# Nueva Señal de TV digital - ATSC



## zonaelectronica (Jun 24, 2008)

1) ¿La portadora de de la señal para TV Digital (ATSC) es digital  ó solamente lo que contiene la portadora es digital?


2) ¿Por que un amplificador de señal uhf comun no sirve para señal digital (DTV /ATSC)?.


3) ¿Donde consigo un diagrama para un amplificador UHF para DTV - ATSC?


----------



## zonaelectronica (Jun 26, 2008)

En esta pagina encontre la contetación.

http://www.tecnologiahechapalabra.com/tecnologia/glosario_tecnico/articulo.asp?i=1701

ATSC: Advanced Television Systems Committee 

El formato 8VSB es una técnica para modular en amplitud una portadora con una señal banda base de tipo digital. Esta técnica -aceptada por la Advanced Television Systems Committee (ATSC)- es utilizada en el estándar DTV-T para la transmisión de Television Digital Broadcating en América del Norte y Corea del Sur.

La señal banda base digital es un flujo serial de bits que tienen la forma de un tren de pulsos sucesivos en el tiempo. Cuando este tren de pulsos es sumado con una portadora cosenoidal análoga de amplitud, frecuencia y fase constantes, se suman sus amplitudes y frecuencias.

La suma de frecuencias, da origen a las bandas laterales que son parcialmente filtradas por filtros pasa banda.

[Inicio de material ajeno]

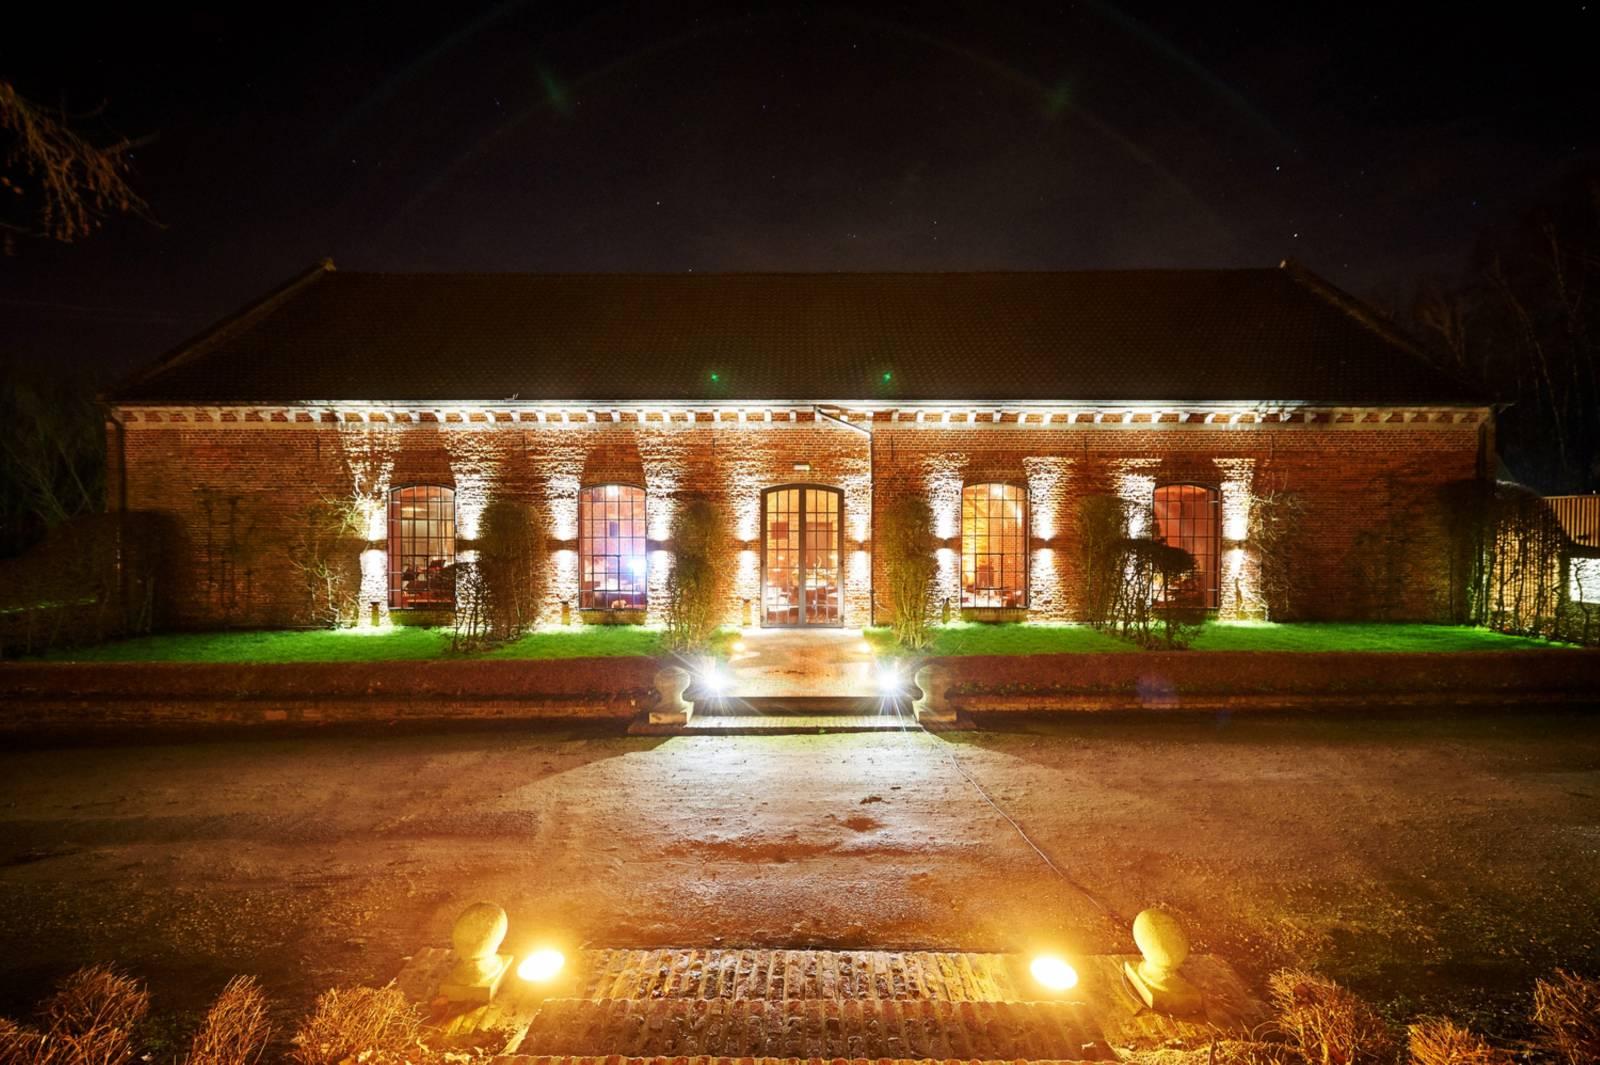 La ferme de Balingue House of Weddings feestzaal salle de fete lieu exceptionnel huwelijk mariage trouwen trouwzaal Brusse (6)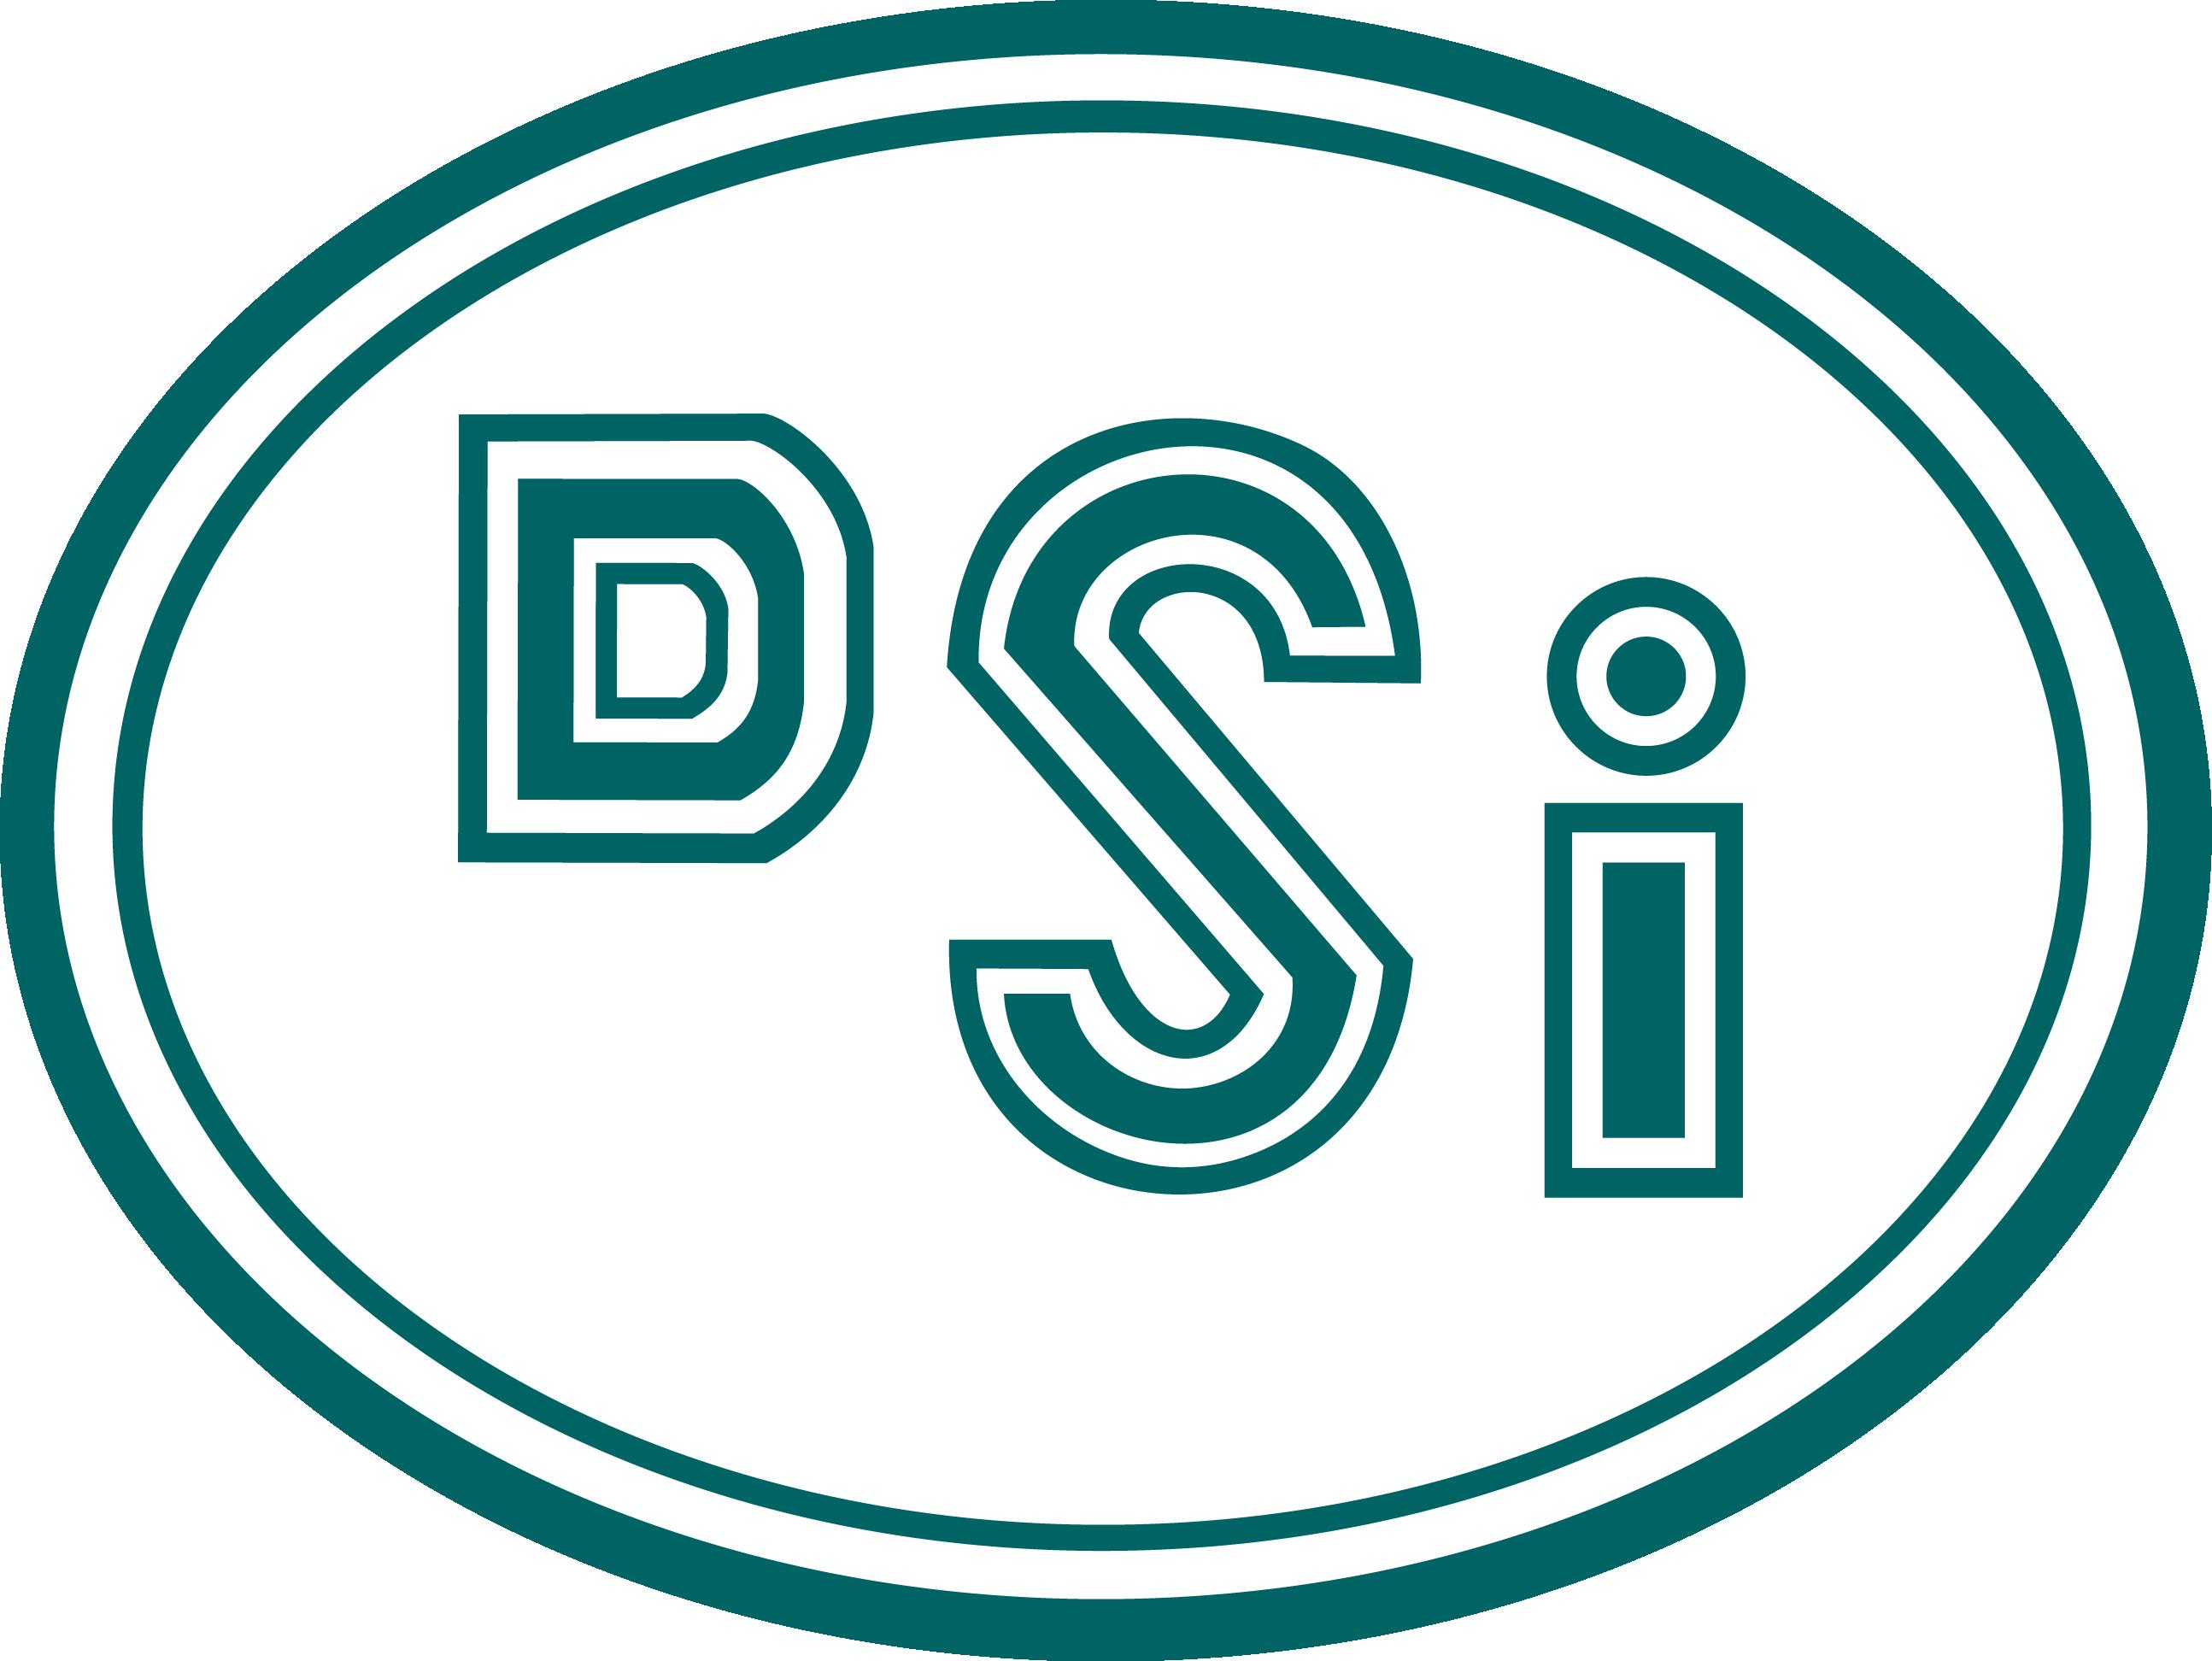 dsi_logo-dsi_logo-14

La suma de amplitudes da origen a dos amplitudes discretas posibles de la portadora: amplitud de la portadora más amplitud del pulso y amplitud de la portadora sola (ausencia de pulso). El pulso puede sumarse con signo positivo (suma aritmética) o con signo negativo (resta).  Esta suma simple de amplitudes corresponde al esquema básico de modulación digital llamado ASK. Como hay solo dos valores o estados posibles en la amplitud de la portadora, cada estado se identifica con un solo bit, por ejemplo, bit "1" identifica estado "amplitud portadora más pulso" y bit "0" identifica "amplitud portadora sola"

El esquema de modulación digital 8VSB establece 8 estados o valores discretos de amplitud posibles para la portadora después de sumarse con el tren de pulsos. Para identificar cada uno de 8 estados posibles de la portadora, en un sistema binario se necesitan tres bits por estado. El trío de bits puede nombrarse como palabra, código, segmento o símbolo. El término "Símbolo" (Symbol) se usa para nombrar cada uno de los estados de la portadora, luego, por extensión también se aplica al trío de bits que identifican un estado.

El estándar DTV-T impone condiciones al formato 8VSB que van más allá del esquema de modulación, estableciendo el origen de los 3 bits que identifican cada estado de la portadora. Cada uno de estos segmentos de 3 bits corresponde al codeword de salida del codificador convolucional. Luego, el FEC convolucional usado en transmisor de video digital bajo la norma ATSC es fijo y corresponde a un codificador con tasa  2/3: por cada dos bits de información (entrada), se tienen 3 bits en la salida.

Puesto que con 3 bits se obtienen 8 combinaciones posibles, los segmentos de 3 bits a la salida del codificador convolucional permiten formar hasta 8 palabras diferentes.

A cada una de estas palabras se le asigna un valor de amplitud definido, que al sumarse con la portadora generan en ésta 8 estados o valores discretos de amplitud. Se asignan 4 valores positivos: +7, +5, +3, +1 y 4 negativos: -1, -3, -5 y –7.

Los valores (–7 a +7) asignados al codeword de salida del codificador convolucional 2/3 en el formato 8VSB, tienen como objetivo forzar desplazamientos discretos (shift) en la amplitud de la portadora, de modo que el receptor al reconocer un estado, pueda reconstruir el segmento con el trío de bits que originó ese estado. Los valores (-7 a +7) no alteran la  información y son simplemente "símbolos" que el receptor debe interpretar.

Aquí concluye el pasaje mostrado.